NAT resources

["Appel, John" <AppelJ () 1st-annapolis com>]

Several folks have asked what I found or was pointed to in the way of
NAT (Network Address Translation) information resources, so here goes.
Any mistakes in the descriptions are purely mine:

Two RFCs are key - RFC 1918, "Address Allocation for Private Internets"
(Rekhter, Moskowitz, Karrenberg, de Groot & Lear, Feb. 1996) describes
building private internetworks using the non-Internet routable address
spaces.  RFC 1631 "The IP Network Address Translator" (Egevang &
Francis, May 1994) specifically addresses NAT.  Numerous sources for
those two documents.  RFC 1878 , "Variable Length Subnet Table for IPv4"
(Pumill & Manning, December 1995) is also pretty handy when the brain
locks up calculating subnets.

Also, there is a working Internet Draft entitled "Architectural
Implications of NAT" dated March 1998 by Tony Hain of Microsoft.  I
found this at
http://www.cs-ipv6.lancs.ac.uk/ftp-archive/Standards/general-comms/inter
net-drafts/draft-iab-nat-implications-00.txt.  You may find a shorter
URL!

Dr.

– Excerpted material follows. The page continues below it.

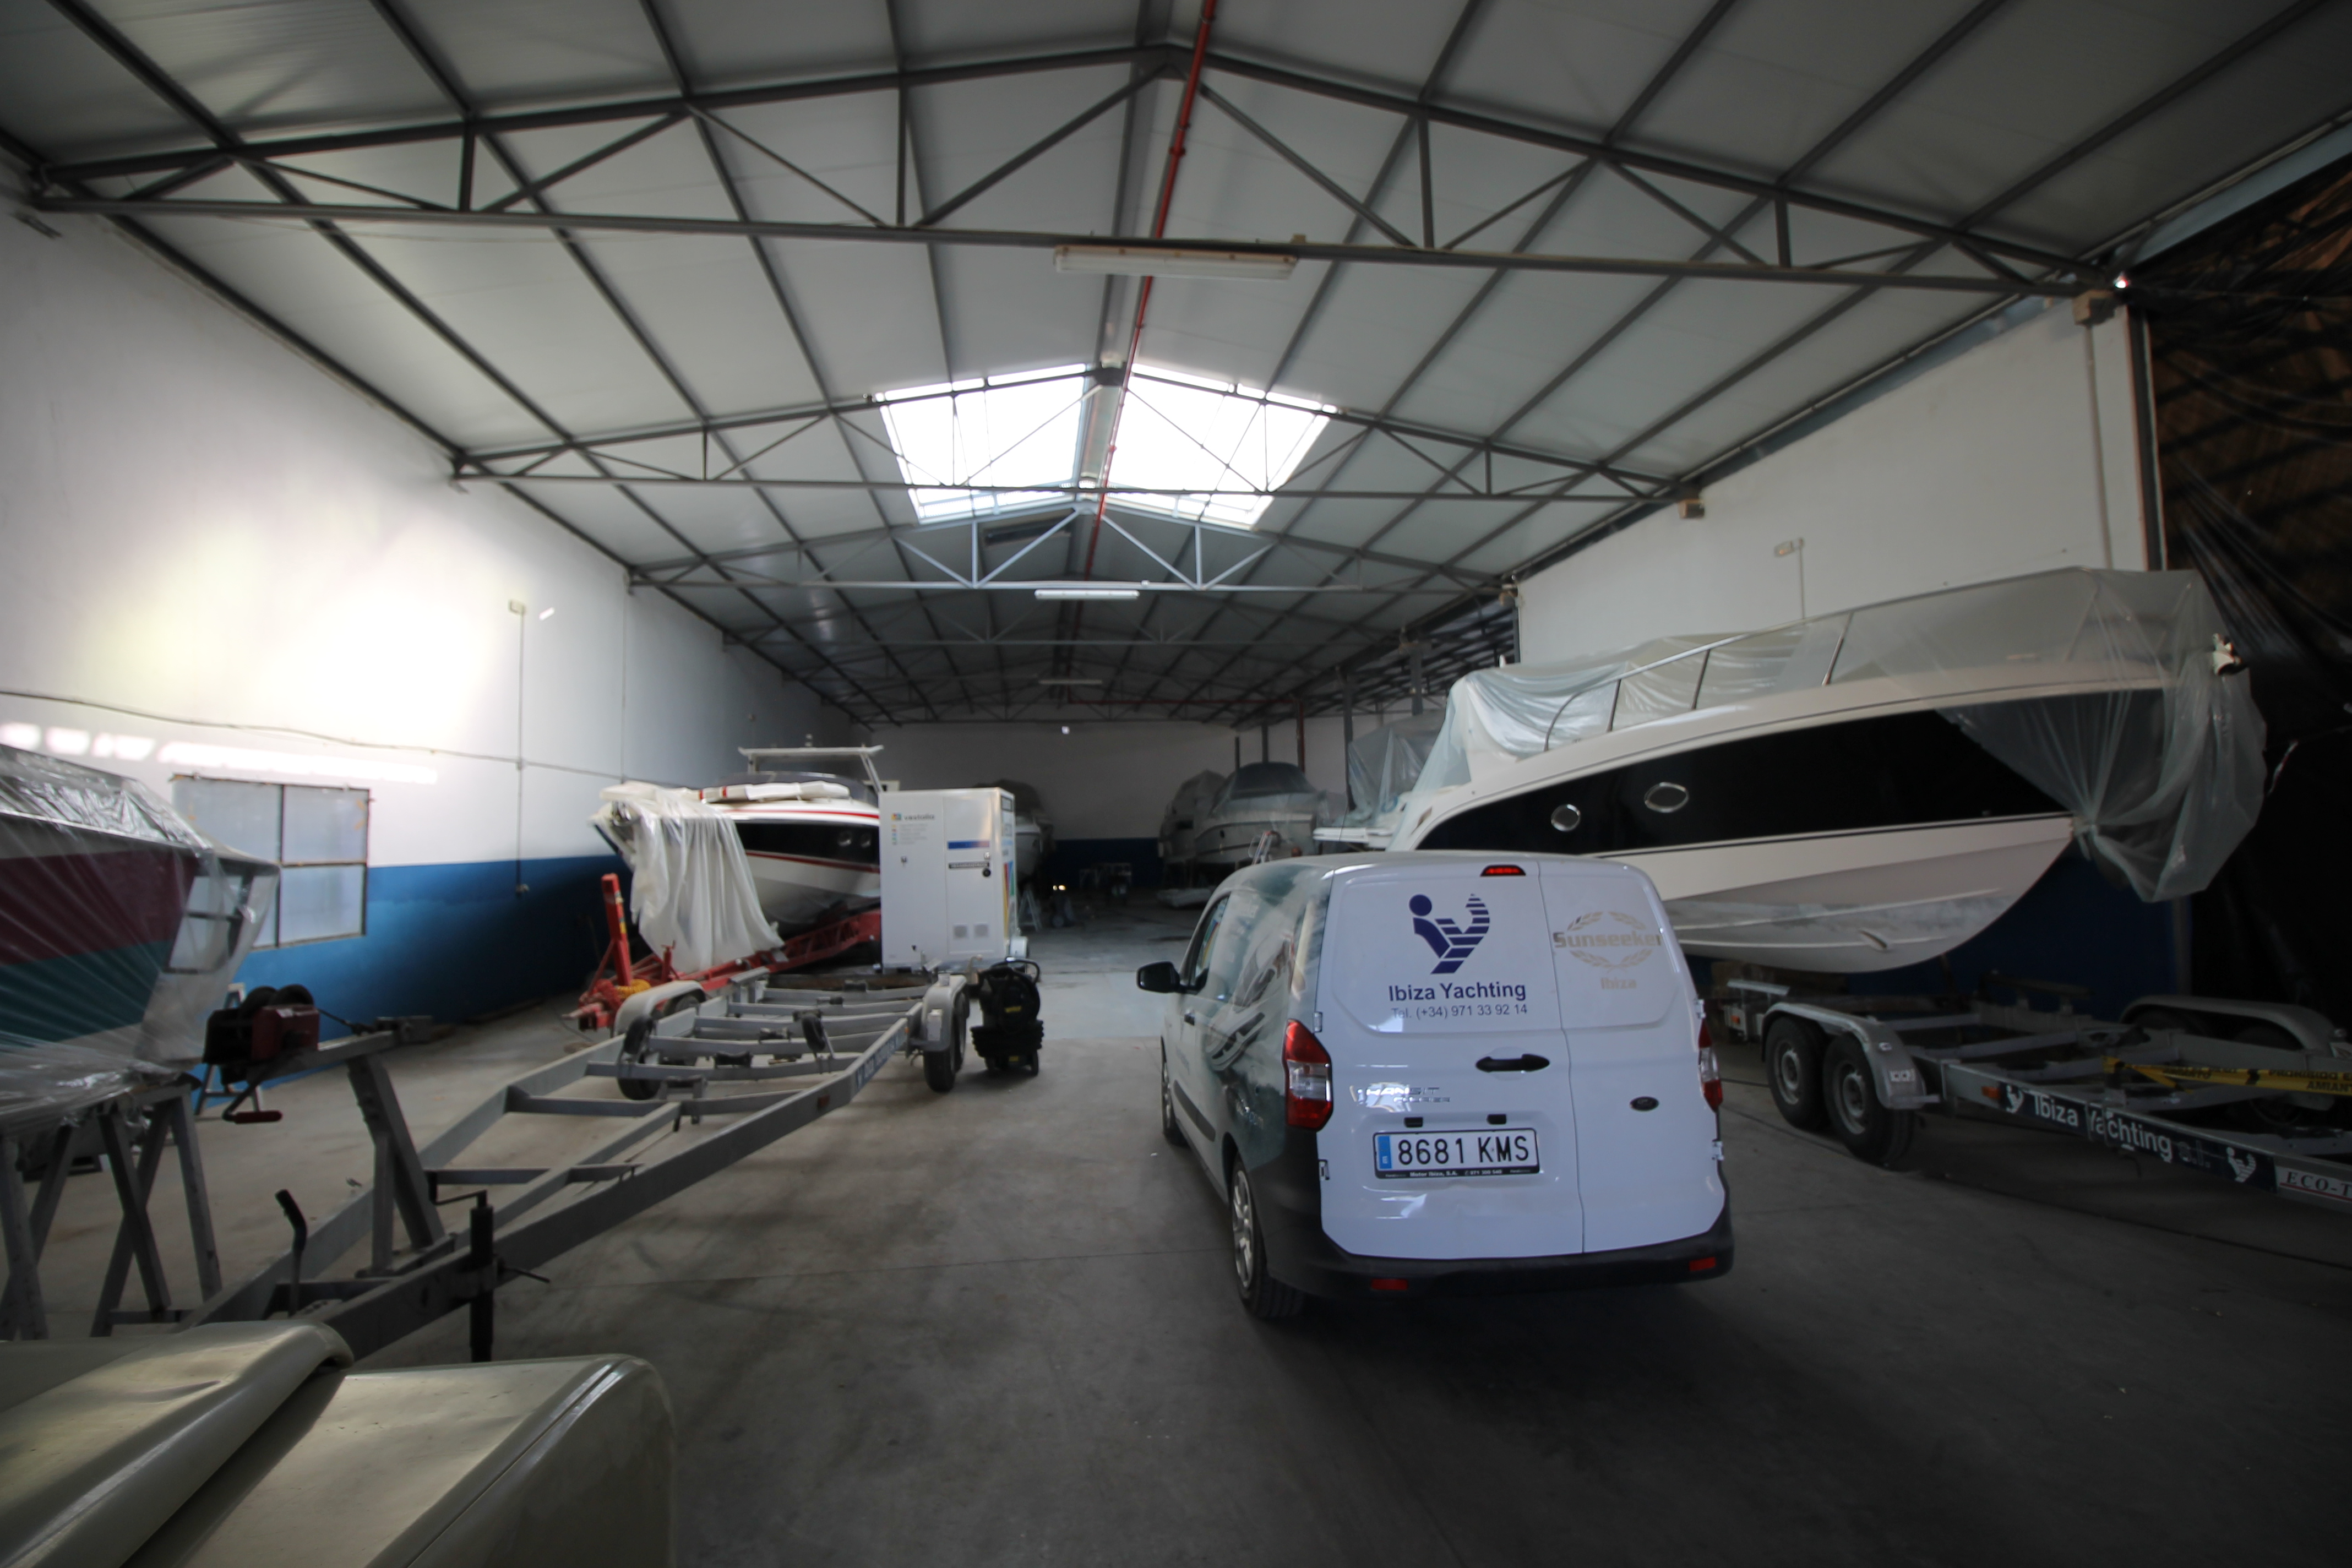 Ibiza Yachting Nave

Peter Welcher of Chesapeake Computer Consultants has a white paper
on NAT at http://www.ccci.com/product/papers/pete/papers/nat.htm.  This
also discusses some Cisco-specific issues (CCC is apparently a Cisco
reseller) along with a nice concise explanation of NAT and some
pros/cons.

I found a NAT presentation at
http://www.csn.tu-chemnitz.de/~mha/linux-ip-nat/diplom/nat.html.  This
looks pretty good and is fairly meaty, but you can't pull down the
complete document.

Cisco has a few documents itself; a document covering their
implementation of NAT in IOS, located at
http://www.cisco.com/warp/public/701/60.html and a FAQ about their NAT
v2.1 product at http://www.cisco.com/warp/public/458/41.html.  

3Com also has a pretty detailed document for configuring one of their
devices (one of the low-end 'Net access boxes, I think) to use NAT at
http://www.remoteaccess.3com.com/support/newcode/rnotes/nat.htm.  Intel
also had a nice document for their Express series routers at
http://support.intel.com/support/express/routers/8xxx/24206.htm.  These
are pretty much "how-tos".

Is it just me, or is Bay Networks' site search facility just about
useless?  They may have good stuff there but I couldn't find it.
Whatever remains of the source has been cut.